Discussing Russia’s earlier use of dolphins to protect its naval base in the Black Sea from enemy divers, King’s College London academic Professor Andy Lambert said last year: “Dolphins would be ideal for killing human divers … fast, clever, and powerful”. The report also notes that, unlike a warship, dolphins are not magnetic and don’t risk setting off proximity mines.

Russia has stationed its Black Sea fleet in Sevastopol on the Crimean Peninsula for nearly 250 years, even after Crimea became a Ukrainian, post-Soviet territory at the end of the Cold War. Indeed, the return to prominence of military mammals in the Black Sea now has a Cold War flavour to it, as forces on both sides of the Iron Curtain attempted to train whales, dolphins, and seals to perform military tasks.

The MOD notes the Russian navy still uses beluga whales and seals in arctic waters to this day, and a suspected Russian-trained “spy whale” with a camera harness has been turning up in northern European ports in recent months.

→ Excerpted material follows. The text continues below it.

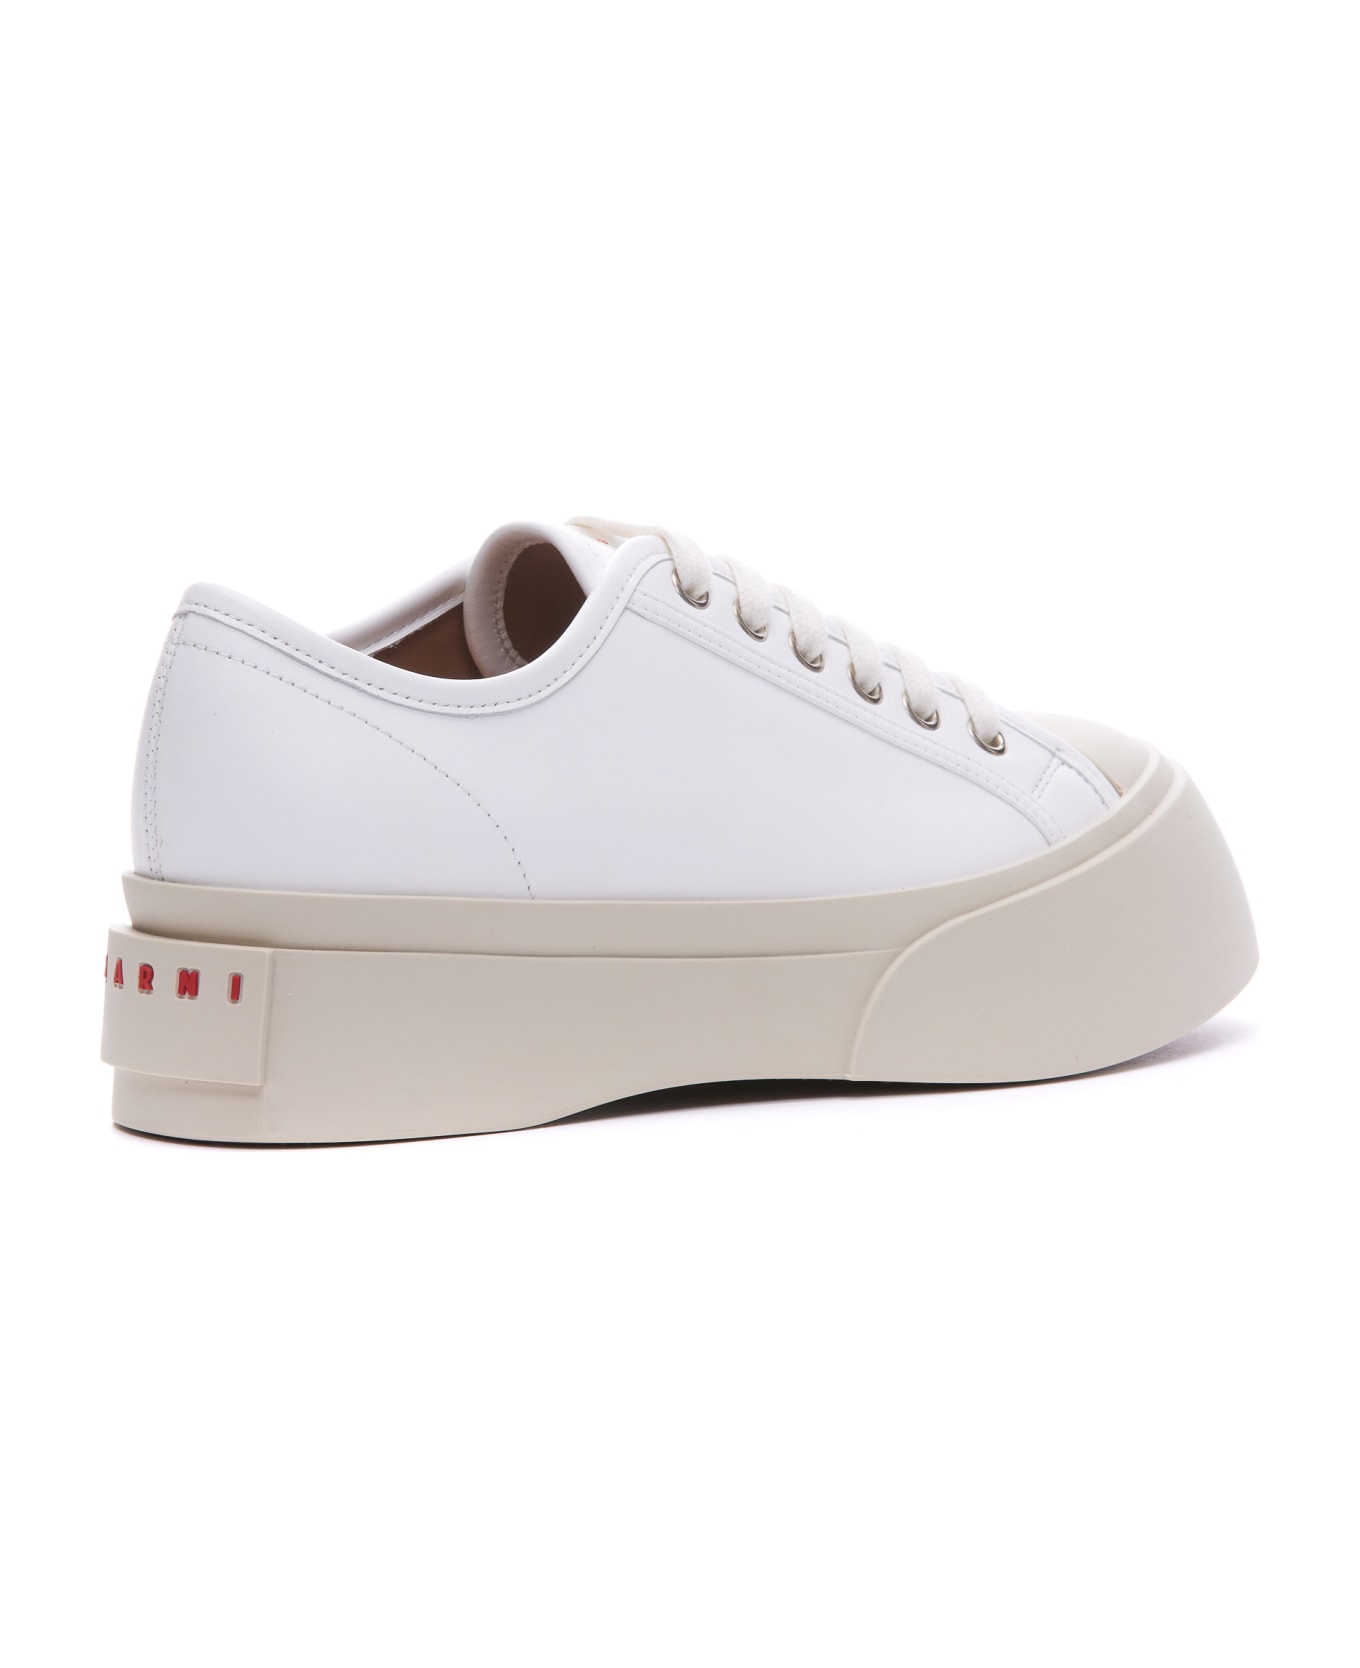 Marni Pablo Sneakers - White

A 2016 report noting that Russia was seeking to buy five dolphins to reinvigorate its dolphin training programme also published the remarks of an ex-Soviet Colonel who witnessed the training of the animals by Russia during the Cold War.

Colonel Viktor Baranets said dolphins were trained to plant explosives on ships.

The United States denies its own dolphin training programme in San Diego, California has a violent element to it, as the Russian one is alleged to. Instead, the U.S. Navy says its now-declassified but ongoing programme has trained dolphins to find and alert human handlers to underwater mines since 1959. Per the Naval Warfare Information Centre:

Dolphins naturally possess the most sophisticated sonar known to science. Mines and other potentially dangerous objects on the ocean floor that are difficult to detect with electronic sonar, especially in coastal shallows or cluttered harbors, are easily found by the dolphins. Both dolphins and sea lions have excellent low light vision and underwater directional hearing that allow them to detect and track undersea targets, even in dark or murky waters. They can also dive hundreds of feet below the surface, without risk of decompression sickness or “the bends” like human divers. Someday it may be possible to complete these missions with underwater drones, but for now technology is no match for the animals.

Recovering objects in harbors, coastal areas, and at depth in the open sea, sea lions locate and attach recovery lines to Navy equipment on the ocean floor. Dolphins are trained to search for and mark the location of undersea mines that could threaten the safety of those on board military or civilian ships. Both dolphins and sea lions also assist security personnel in detecting and apprehending unauthorized swimmers and divers that might attempt to harm the Navy’s people, vessels, or harbor facilities.